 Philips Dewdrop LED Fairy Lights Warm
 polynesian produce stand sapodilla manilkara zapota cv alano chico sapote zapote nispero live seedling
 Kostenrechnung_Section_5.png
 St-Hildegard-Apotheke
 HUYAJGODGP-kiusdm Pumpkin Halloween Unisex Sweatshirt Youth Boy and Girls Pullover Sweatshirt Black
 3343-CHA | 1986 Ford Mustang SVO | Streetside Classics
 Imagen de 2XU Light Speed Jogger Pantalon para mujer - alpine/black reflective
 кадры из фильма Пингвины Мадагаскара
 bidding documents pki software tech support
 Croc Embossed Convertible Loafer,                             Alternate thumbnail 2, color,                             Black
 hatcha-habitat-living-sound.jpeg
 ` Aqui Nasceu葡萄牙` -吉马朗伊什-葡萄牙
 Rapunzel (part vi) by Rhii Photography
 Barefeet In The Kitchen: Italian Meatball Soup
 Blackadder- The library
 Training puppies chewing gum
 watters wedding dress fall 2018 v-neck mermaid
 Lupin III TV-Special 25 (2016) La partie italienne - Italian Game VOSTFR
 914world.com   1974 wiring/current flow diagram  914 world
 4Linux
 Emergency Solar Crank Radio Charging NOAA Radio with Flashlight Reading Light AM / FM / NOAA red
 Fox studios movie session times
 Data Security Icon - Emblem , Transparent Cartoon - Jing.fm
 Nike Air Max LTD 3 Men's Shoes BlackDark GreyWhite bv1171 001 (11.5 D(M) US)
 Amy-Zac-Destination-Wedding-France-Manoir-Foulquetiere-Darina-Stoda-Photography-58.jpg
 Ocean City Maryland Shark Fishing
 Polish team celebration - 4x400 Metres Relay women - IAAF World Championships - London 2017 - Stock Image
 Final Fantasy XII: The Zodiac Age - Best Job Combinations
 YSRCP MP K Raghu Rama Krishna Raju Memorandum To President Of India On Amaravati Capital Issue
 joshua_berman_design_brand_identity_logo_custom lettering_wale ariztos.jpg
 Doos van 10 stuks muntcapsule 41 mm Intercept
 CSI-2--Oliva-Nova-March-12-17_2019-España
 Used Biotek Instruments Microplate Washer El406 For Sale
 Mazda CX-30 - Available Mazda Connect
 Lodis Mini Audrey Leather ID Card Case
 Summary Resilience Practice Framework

────────

## Problem to work on
Copy out every line from the one containing "1974 wiring/current flow" to the end of the material, both ends included.

## Solution to the exercise
 914world.com   1974 wiring/current flow diagram  914 world
 4Linux
 Emergency Solar Crank Radio Charging NOAA Radio with Flashlight Reading Light AM / FM / NOAA red
 Fox studios movie session times
 Data Security Icon - Emblem , Transparent Cartoon - Jing.fm
 Nike Air Max LTD 3 Men's Shoes BlackDark GreyWhite bv1171 001 (11.5 D(M) US)
 Amy-Zac-Destination-Wedding-France-Manoir-Foulquetiere-Darina-Stoda-Photography-58.jpg
 Ocean City Maryland Shark Fishing
 Polish team celebration - 4x400 Metres Relay women - IAAF World Championships - London 2017 - Stock Image
 Final Fantasy XII: The Zodiac Age - Best Job Combinations
 YSRCP MP K Raghu Rama Krishna Raju Memorandum To President Of India On Amaravati Capital Issue
 joshua_berman_design_brand_identity_logo_custom lettering_wale ariztos.jpg
 Doos van 10 stuks muntcapsule 41 mm Intercept
 CSI-2--Oliva-Nova-March-12-17_2019-España
 Used Biotek Instruments Microplate Washer El406 For Sale
 Mazda CX-30 - Available Mazda Connect
 Lodis Mini Audrey Leather ID Card Case
 Summary Resilience Practice Framework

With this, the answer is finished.